Entendu parler de ce bouquin sur France info, je ne sais plus, et il faut avouer que c’est un distrayant bouquin pour des vacances. Le cinquième évangile, c’est un peu l’anti-Da Vinci Code et l’anti-cinquième élément, ou comment un traducteur de textes anciens fout le bordel dans le monde en mettant à jour des textes très prosaïques sur la crucifixion de sieur Jesus.

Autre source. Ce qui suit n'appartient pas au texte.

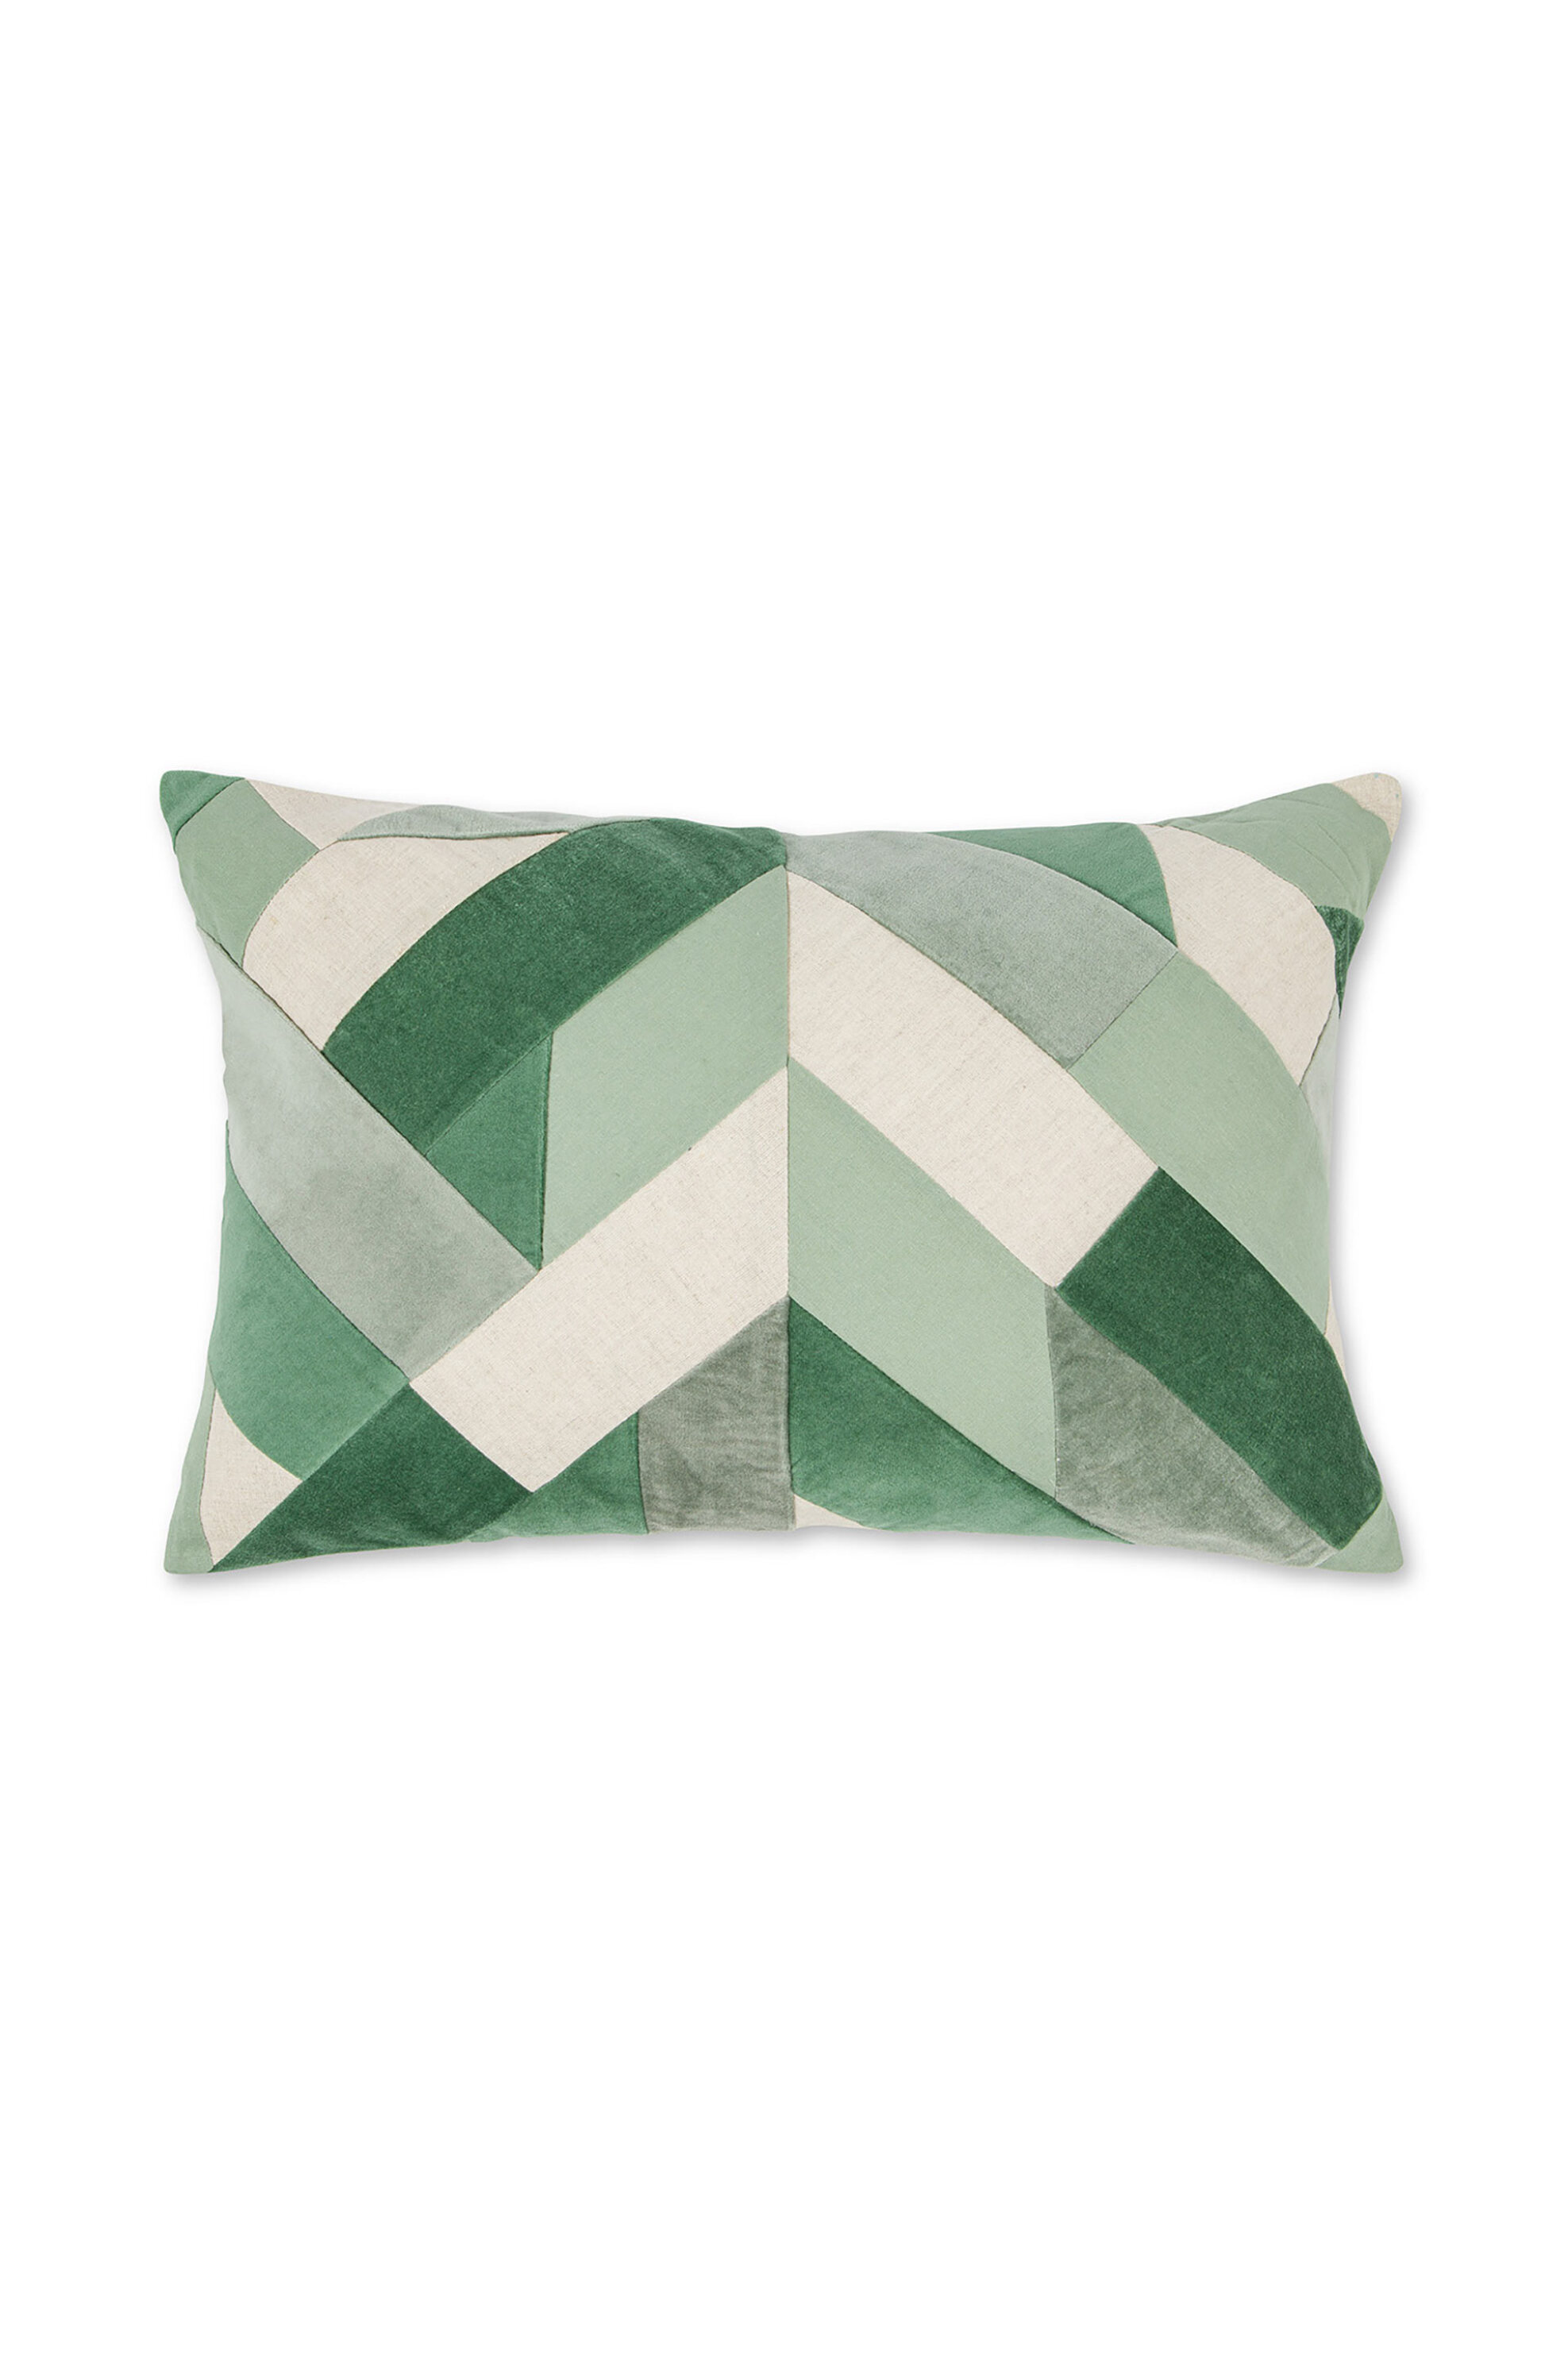 Home > ΔΙΑΚΟΣΜΗΣΗ > Διακοσμητικά Μαξιλάρια Coincasa διακοσμητικό μαξιλάρι με γεωμετρικό σχέδιο 50 x 35 cm - 007395160 Πράσινο
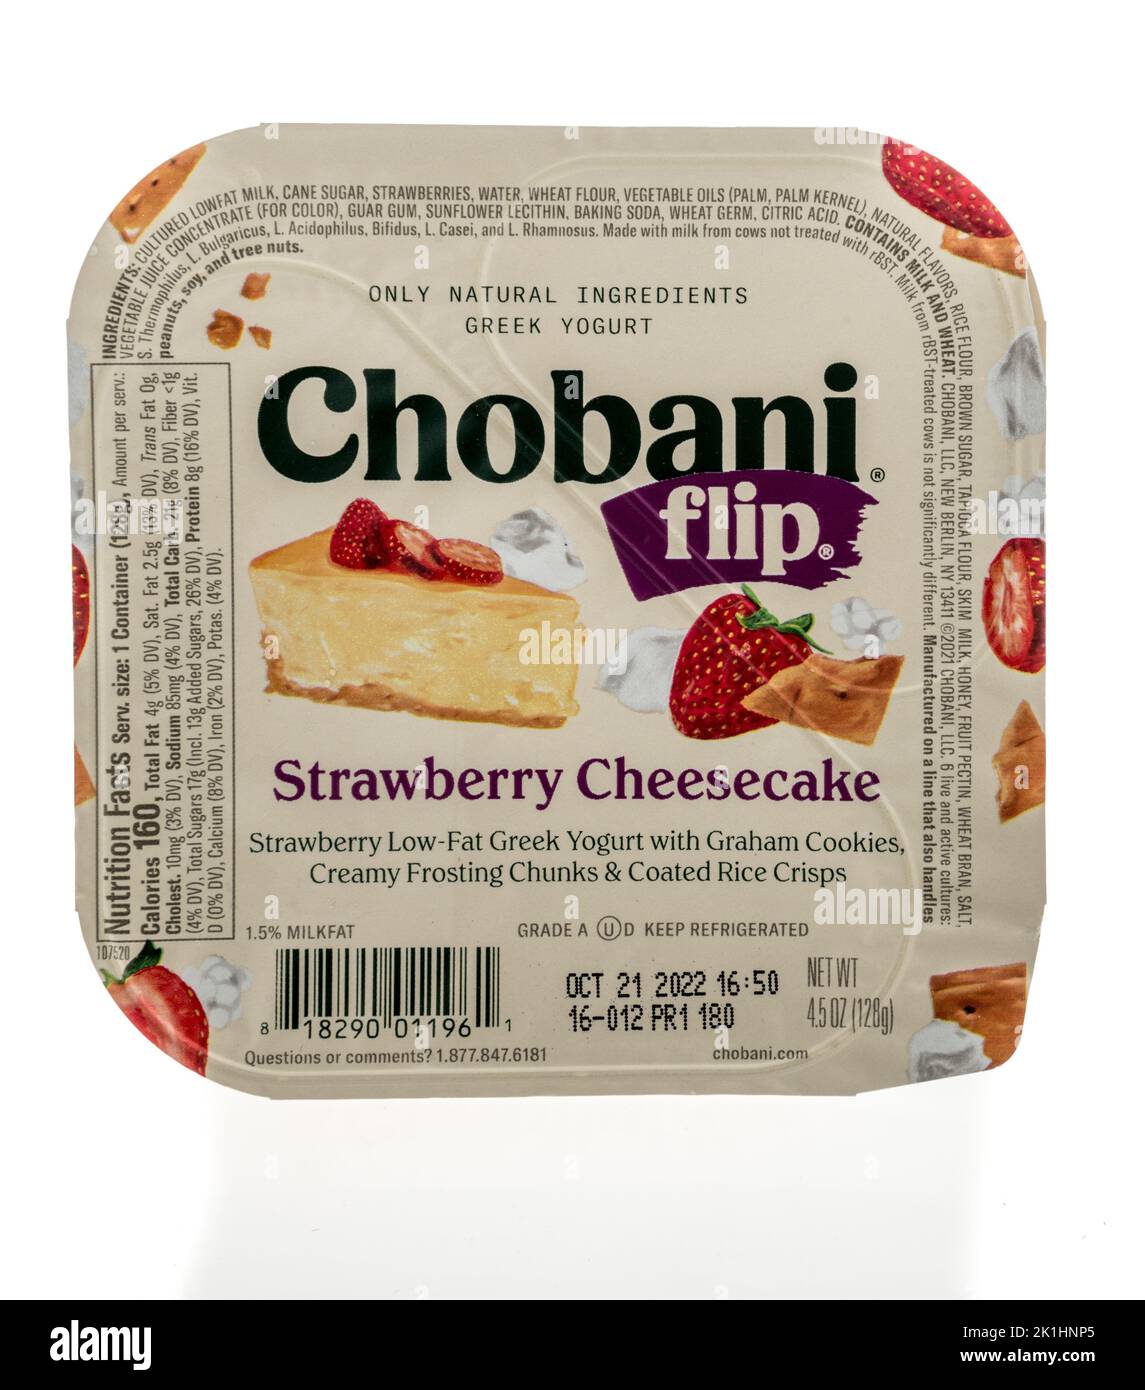 Winneconne, WI - 18 September 2022: A package of Chobani flip strawberry cheesecake greek yogurt on an isolated background. Stock Photo

Loin de professer la bonne parole, et de se terminer en apothéose remplie d’une découverte miraculeuse issue des textes anciens genre « ce qui sauvera le monde c’est l’amour », le cinquième évangile fait la nique à la vague des romans pseudo ésotériques pouet-pouet et à la pseudo culture de masse. Le roman vaut presque plus dans son principe que dans son écriture. Ce n’est évidemment pas un chef d’œuvre de la littérature puisque Michel Faber pastiche parfois ses anti-modèles, ce qui ne hisse pas le niveau d’écriture, il faut bien l’avouer. Par contre, le personnage principal est tellement con, méchant que le livre en devient particulièrement irrévérencieux et qu’on bondit de joie quand il compare ses manuscrits vieux de 2000 ans à des magazines pornos (pour l’impatience qu’ils suscitent), ou qu’il n’hésite pas à hurler « qu’est ce que ce mec est chiant ! » à propos de l’auteur des dits manuscrits, effectivement pas un gai-luron à lire sa prose.

Un bon moment donc, sans larmichette et sans leçon de morale antique sur la voie que doit suivre l’Homme. Sympa.